Hardware configuration:
Supermicro 5018A-TN7B (Intel Atom C2758 CPU)
32GB RAM
2x SanDisk 120GB SSDs (Zpool mirrored)
1x Sun X1109A / Intel 82599 10GbE PCIe adapter (dual port; running at 1Gb/sec per port)
7x Onboard 1GbE portsSoftware configuration:
pfSense 2.4.4-RELEASE-p3Package list:
acme
arpwatch
bandwidthd
Cron
haproxy
iftop
mtr-nox11
nmap
ntopng
nut
openvpn-client-export
pfBlockerNG
RRD_SummaryNetworks
WAN (Verizon FiOS - symmetric 1GB/sec)
LAN (1GB connection to HPE 1920-48G-PoE+ switch)

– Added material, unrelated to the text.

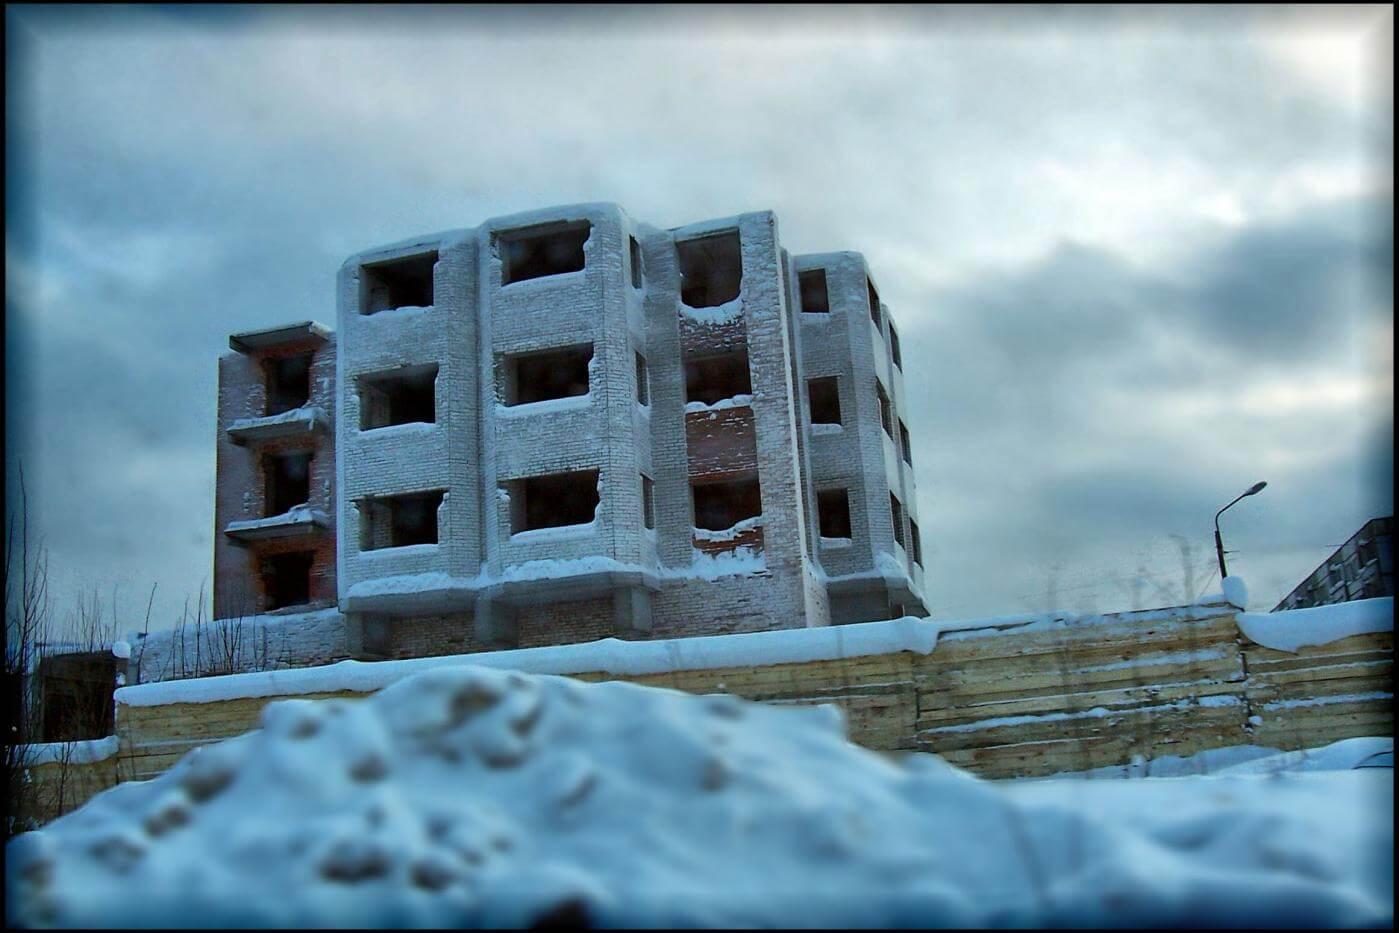 строительство в ленинградской области хотят заморозить

OPT1 (1GB connection to Guest VLAN)
DMZ (1GB connection to 'hosting' VLAN for external services) -
I would see if a different OS has the same issue on a liveboot, for that matter try live booting the pfSense installer, if it still hangs you have a hard ware issue.
-
@dmurphynj said in Upgraded to 2.4.4_3 - system now unstable:
Edit to add: Upgraded to 2.4.4_3 a few days ago, and everything seemed OK initially.
Upgraded from what?
-
Thanks guys. I think the C2000 bug has gotten to us... now it won't power back up at all. I ran a memtest86+ and it passed. Powered down, and now won't power back on at all.
Previously was on 2.4.4_2 - so not much of a change there.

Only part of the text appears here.